The matter of whether the Left Party is communist or socialist is a matter for religious rather than political debate. Check out their web site http://leftparty.org/ and decide for yourself.

As to the red herring of red baiting, let's remember that it is 2005 and not 1955.  The federal guvmint now fears those who resist its foreign and military policies that sustain a brutal regime of resource extraction more than it fears those seeking to establish a communist utopia, and has directed the attention of its oppressive apparatus accordingly. The ever-dwindling number of Marxists and Leninists are not being evicted, fired, blacklisted, imprisoned, or killed due to their radical politics today.

Thus, red baiting was a legitimate cause for concern in the 1920s or 1950s. As difficult as it was to make the U.S. look good in the 1950s, Stalinism was able to do just that. Even though there was malicious baiting, spies did operate here during that period in the service of Stalinism.

Today charges of baiting are used by leftists in order to shield their faulty ideology from critical analysis. This is interesting, because one of my favorite quotes from Karl Marx's earlier philosophical writings (The 18th Brumaire of Louis Bonaparte) was his call for "relentless critique of all things existing." What kind of Marxist Leninist would expect a pass on scientific socialism's greatest calling?

The most damning critique of Marxism and Leninism is the fact that it defines itself — the vanguard for the working class — in terms of its opponents — the capitalist class — and that means it fails before it even gets off the ground. The Leninist project has failed wherever it has been tried. No, the Cuban revolution was not instigated by Leninists, and Hugo Chavez is successfully rallying the Venezuelan masses to take control of their own destiny absent little red books.

It is interesting that the two main forces in the Green presidential discussion last year defined their projects in terms of our opponents — the Democrats. Antagonistic protagonists Ralph Nader and Medea Benjamin both defined the Green presidential campaign not in terms of how to best put forth Green ideas, but how to best check Bush and aid Kerry, either to get elected or to move to "the left."

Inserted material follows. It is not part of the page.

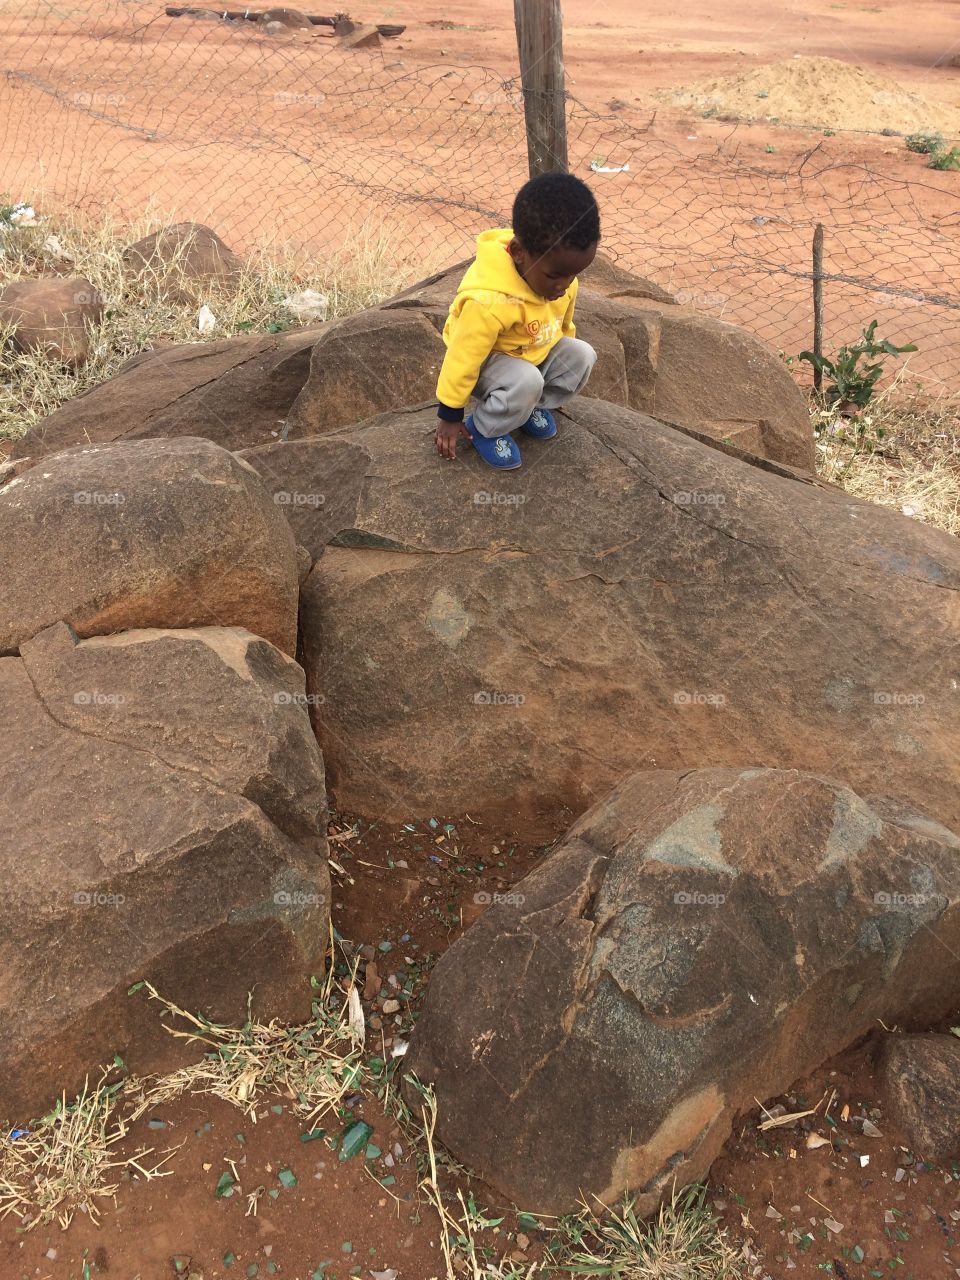 Climbing rocks

The electorate responded to this pathetic defeatism the same way that the public responded to calls for socialist revolution. We must look elsewhere for inspiration.

There are many local activists who consider themselves Marxists or Leninists who contribute substantially to progressive achievements and who work well with the Green Party. Nothing in my writings should be construed to dismiss the good work of these individuals or to lump them in with the pack of fools known as the Frontlines family. The problem I seek to identify and check comes when a corporate form is assumed by a group of individuals and that corporate form dishonestly involves itself within the Green Party.

Whether the corporate form presents itself as the democratic centralist Trotskyite Left Party or as the authoritarian corporate Global Exchange, grassroots democracy and consensus are not compatible with the corporate form under consensus's current construction. Individual active, volunteer Greens must not be forced to compete with a corpus organized on external principles of unity, often funded, that may or may not coincide with those of the Green Party.